Helene war es von vorne hin klar das Chris ihr wieder aufs Dach springen wird, sobald er den Namen Nico hört.
„Gar nichts Helene! Ich verlange gar nichts von Dir! Anscheinend bin ich nur Dein Trostpflaster und darf Deine Fehltritte richten." - „Das stimmt doch gar nicht! Ich habe mich für Dich entschieden und liebe dich Chris! Warum bist Du nur so eifersüchtig?".
Es regte Helene unendlich auf wie er nur so denken konnte, warum er so eifersüchtig auf einen sterbenskranken Menschen sein kann.
„Ich werde jedenfalls Morgen früh fahren, ob es Dir passt oder nicht!", war das Gespräch für die werdende Mutter somit beendet.
Augenblicklich ging sie dann wieder ins Schlafzimmer und knallte die Tür.
Chris machte das alles unheimlich wütend.

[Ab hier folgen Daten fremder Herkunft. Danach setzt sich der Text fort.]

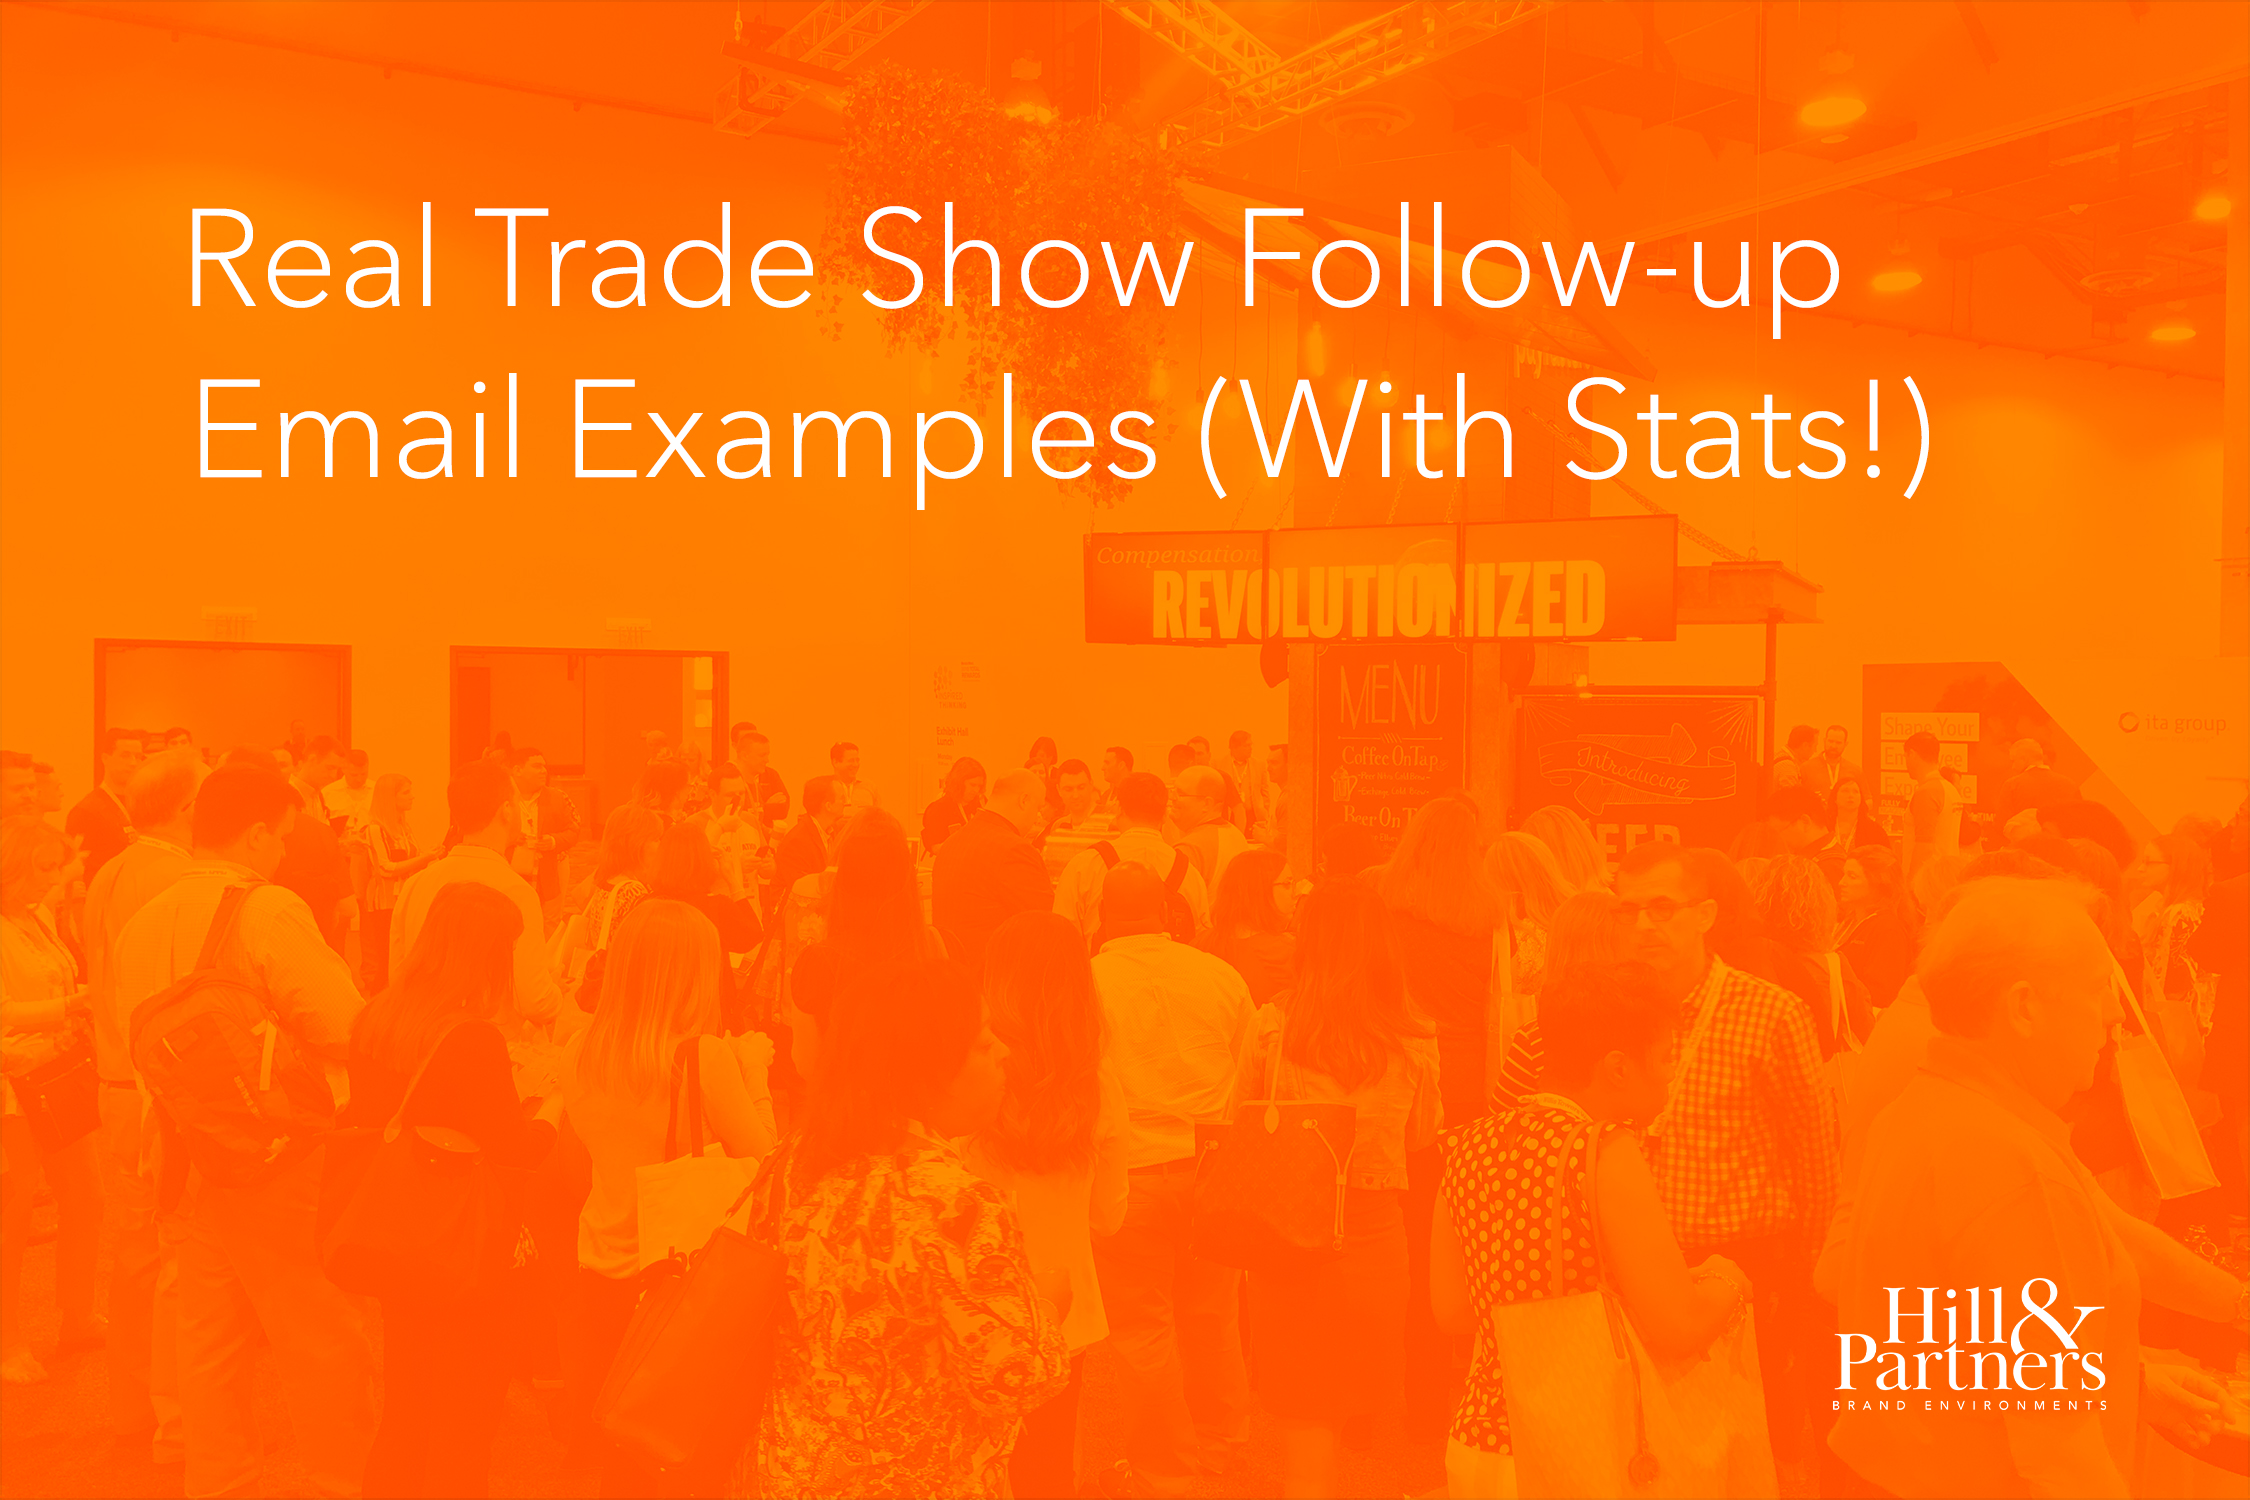 Real Trade Show Follow-up Email Examples (With Stats!)
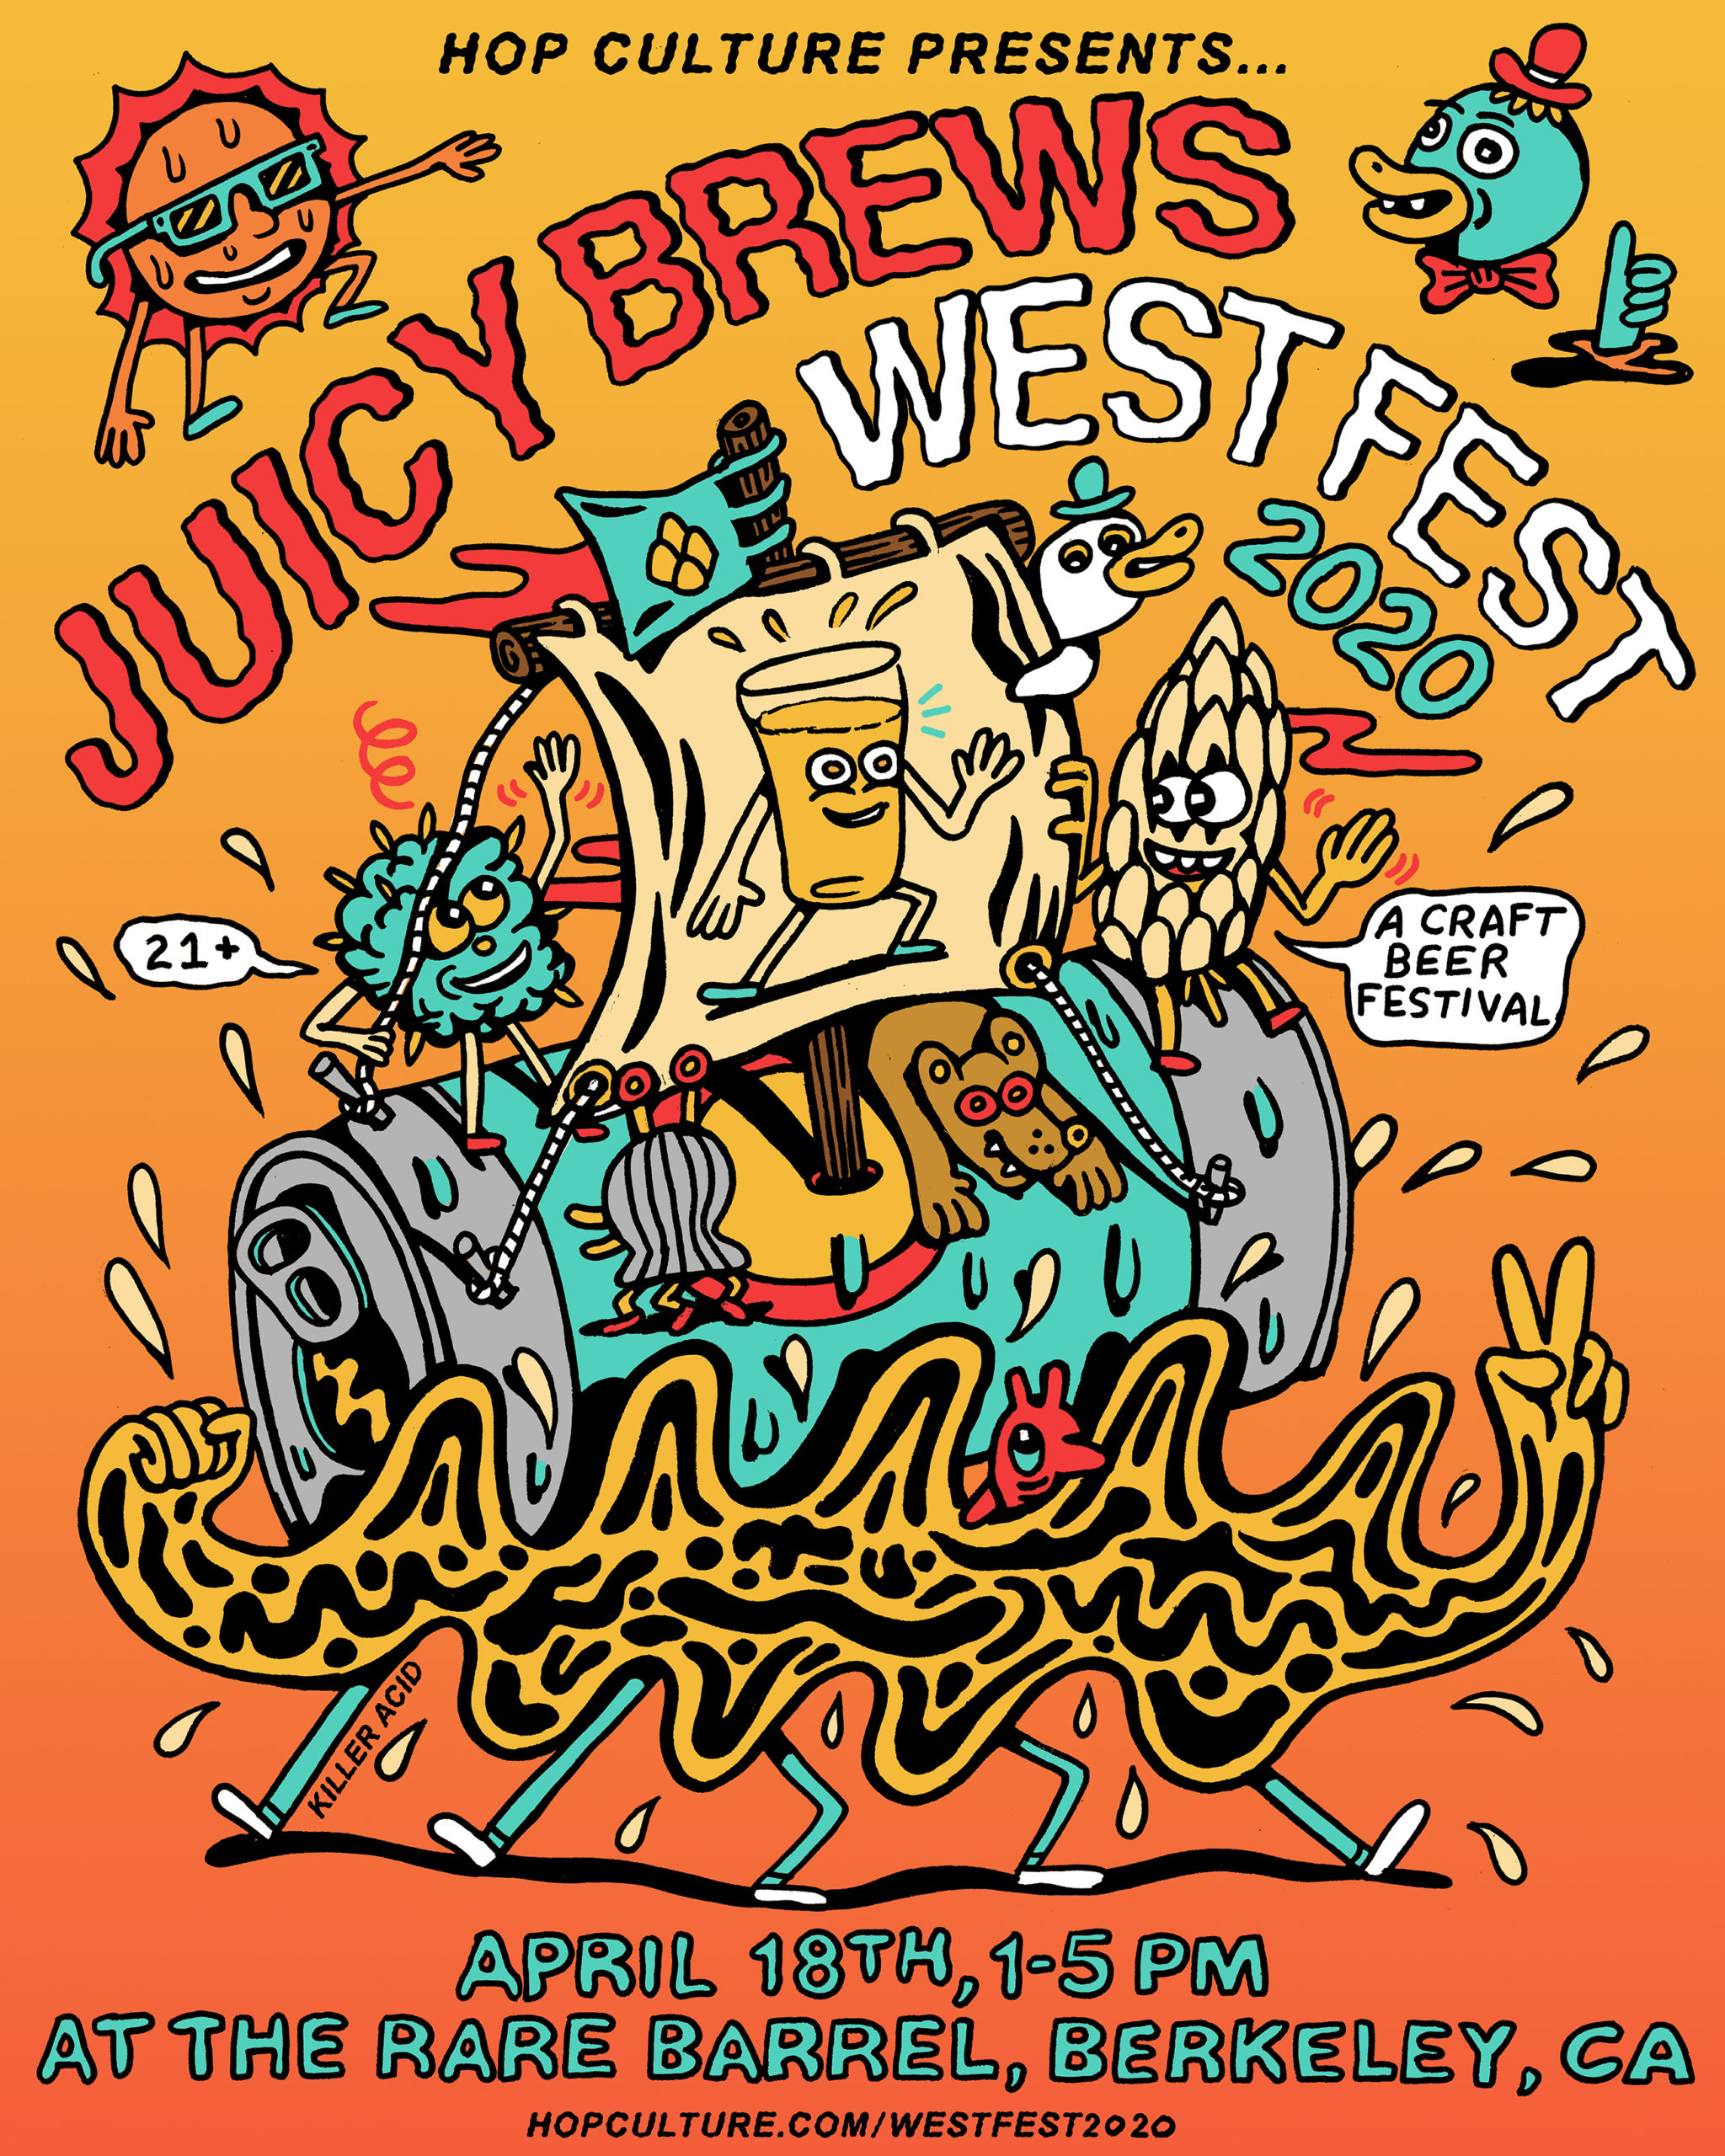 Hop Culture Returns to the Bay Area with Juicy Brews WestFest 2020 ...

Deswegen übernachtete er in dieser Nacht auch im Wohnzimmer und bemerkte jedoch nicht, als Helene am nächsten Morgen in aller frühe aus dem Haus ging.
Zuvor schrieb sie noch ein paar Zeilen auf ein Blatt Papier nieder was sie sehr beschäftigte und legte dieses samt einem wichtigen Bild für ihn in Sichtweite.